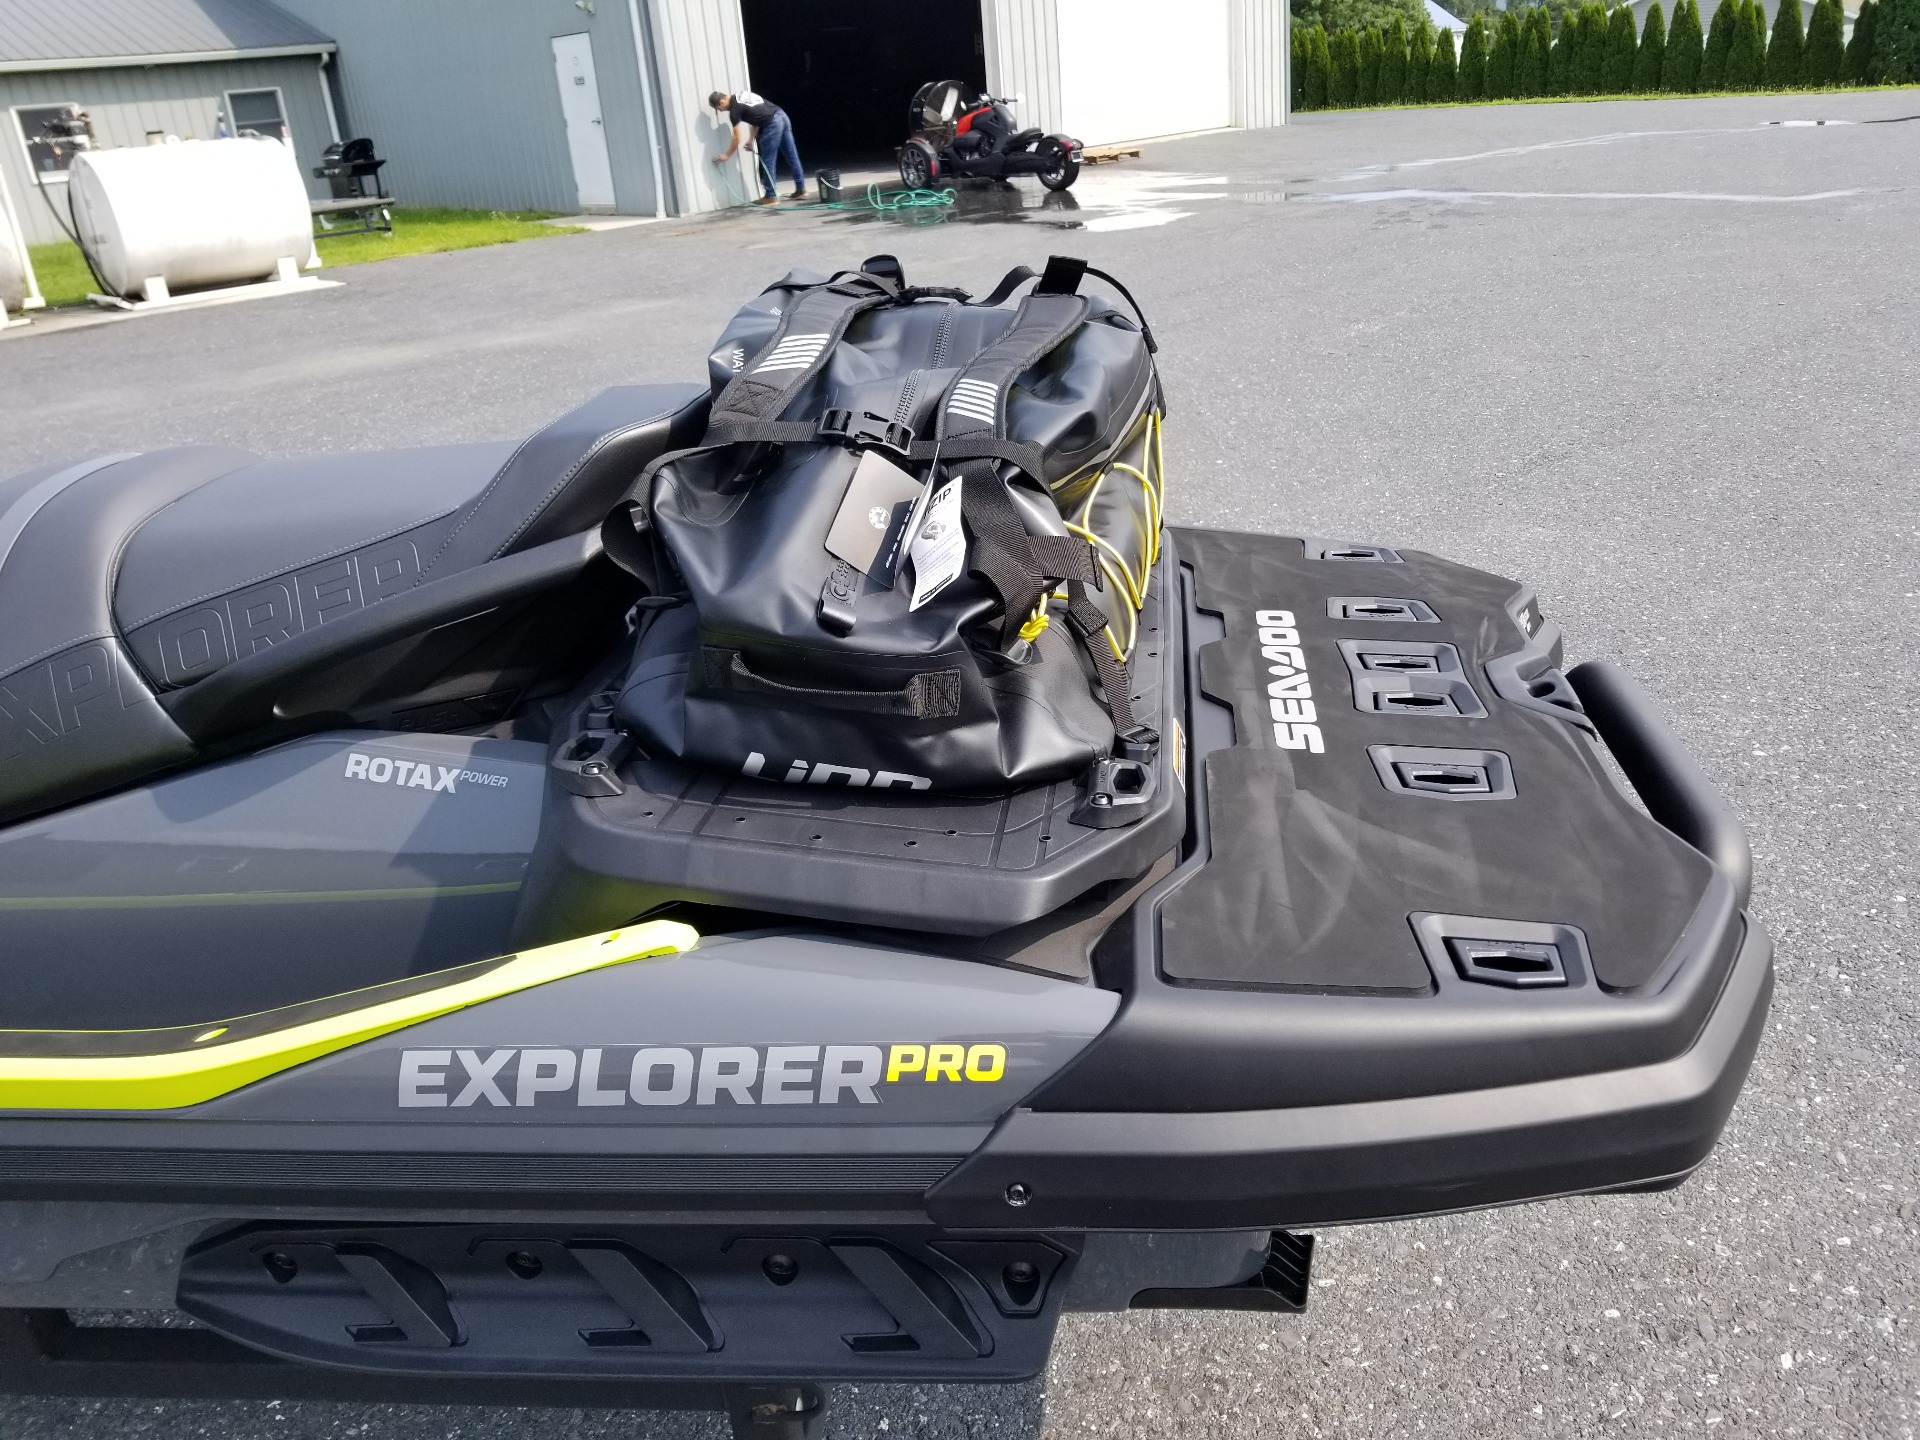 2023 Sea-Doo Explorer Pro 170 in Grantville, Pennsylvania - Photo 28
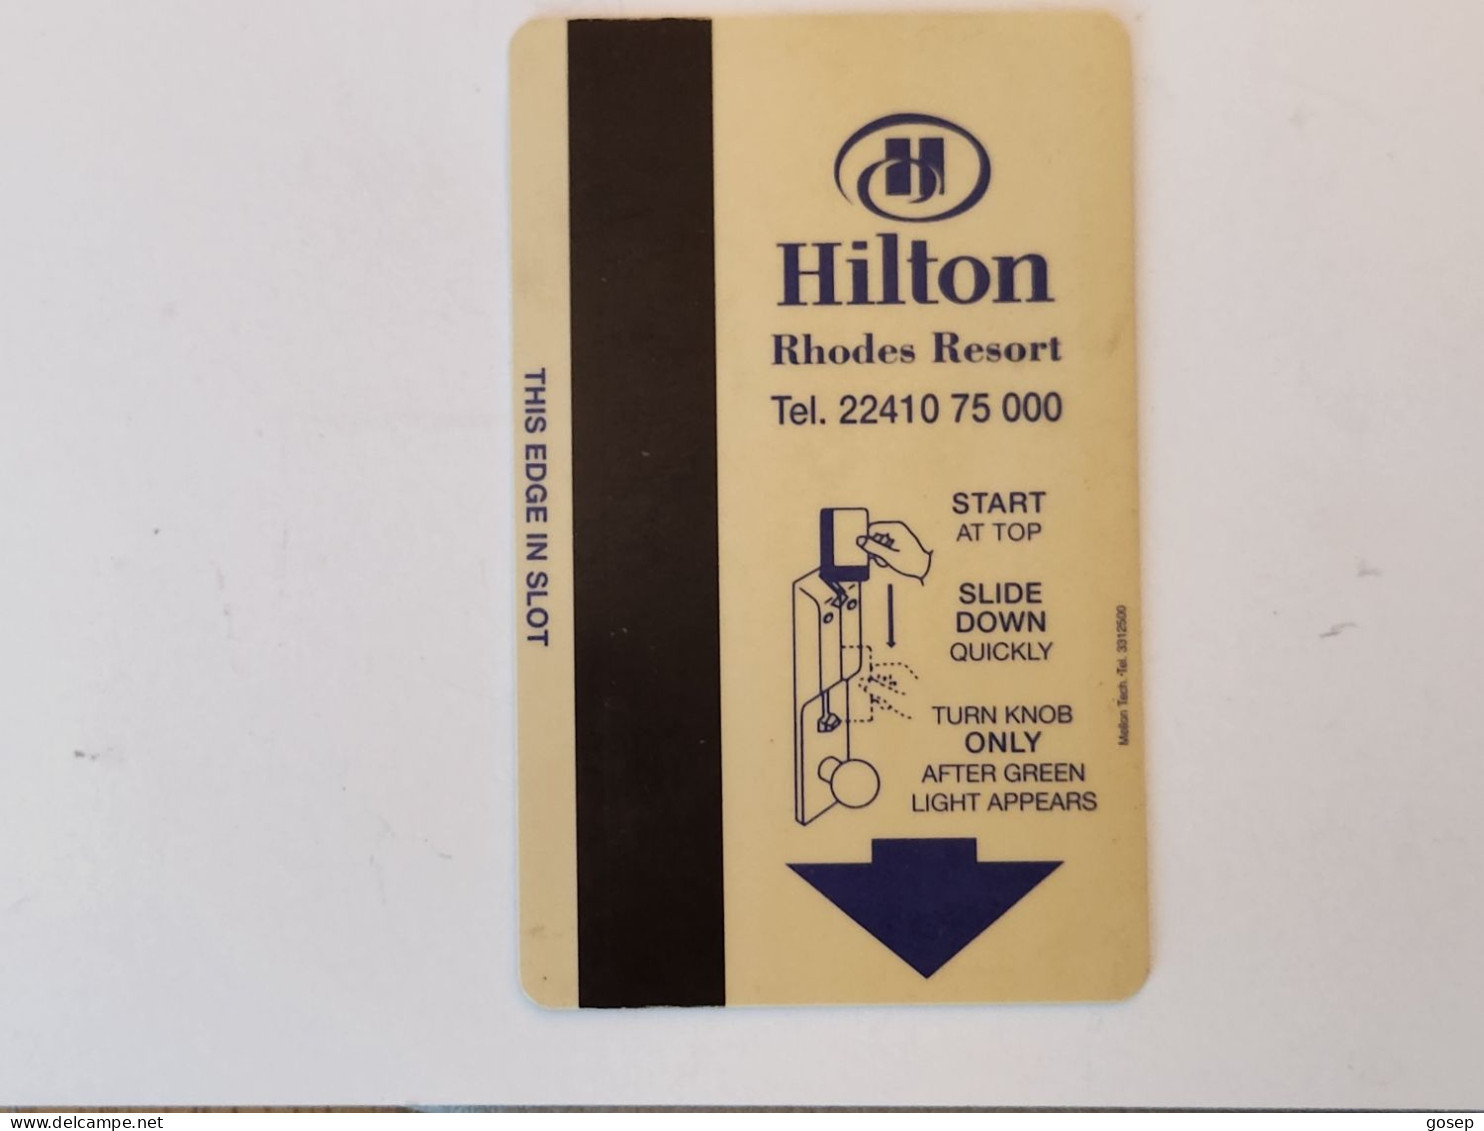 ISRAEL-HILLTON-HOTAL KEY-(1095)(?)GOOD CARD - Hotelsleutels (kaarten)
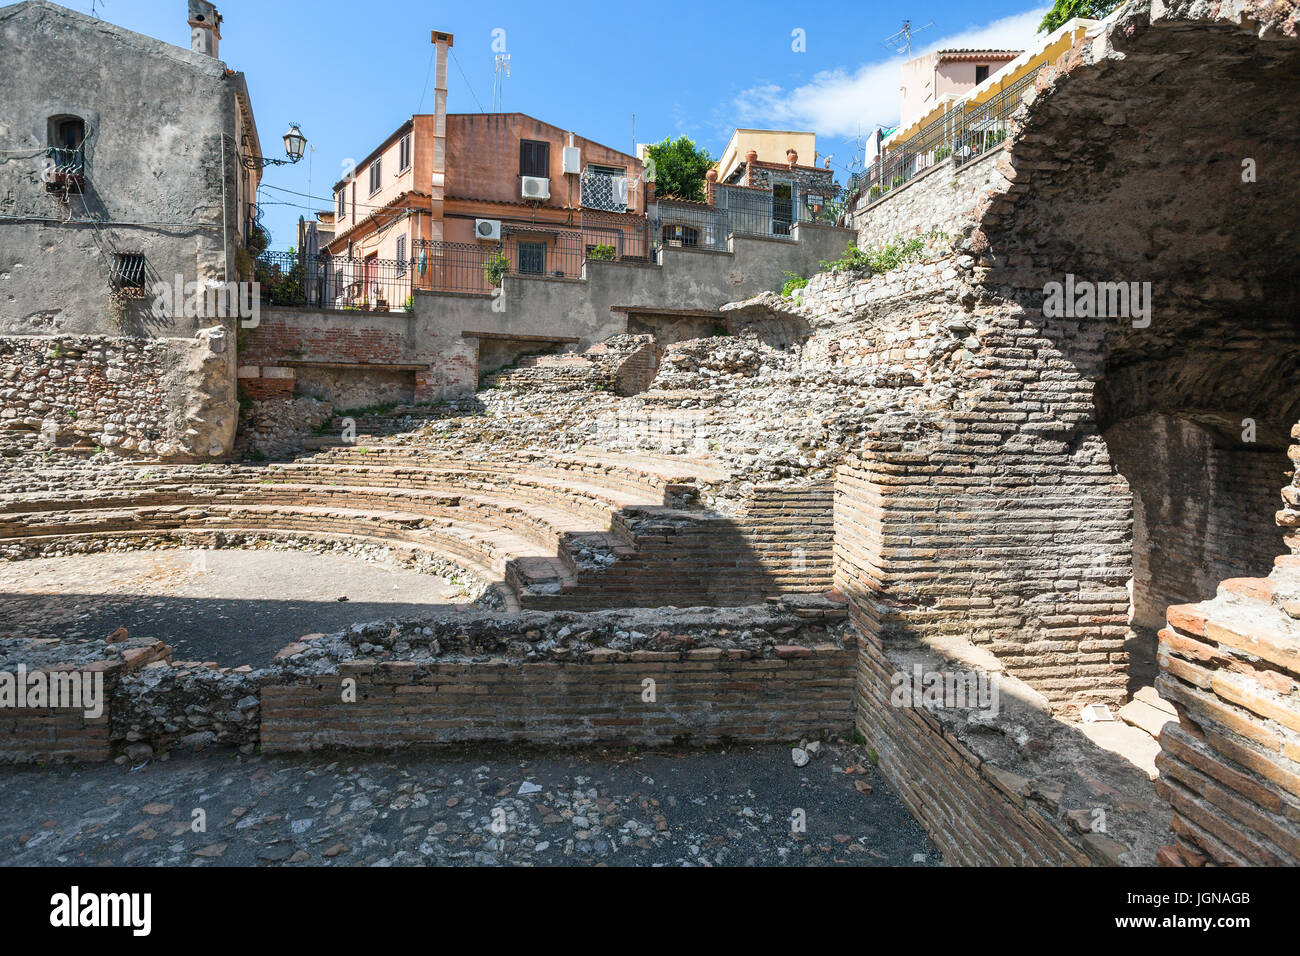 travel to Sicily, Italy - ruins of ancient roman amphitheatre Odeon in Taormina city. Stock Photo
===
### [Problem statement]
With the pictures removed, output the listing above exactly.

### [Result of the exercise]
 2023 Sea-Doo Explorer Pro 170 in Grantville, Pennsylvania - Photo 28
 ISRAEL-HILLTON-HOTAL KEY-(1095)(?)GOOD CARD - Hotelsleutels (kaarten)
 travel to Sicily, Italy - ruins of ancient roman amphitheatre Odeon in Taormina city. Stock Photo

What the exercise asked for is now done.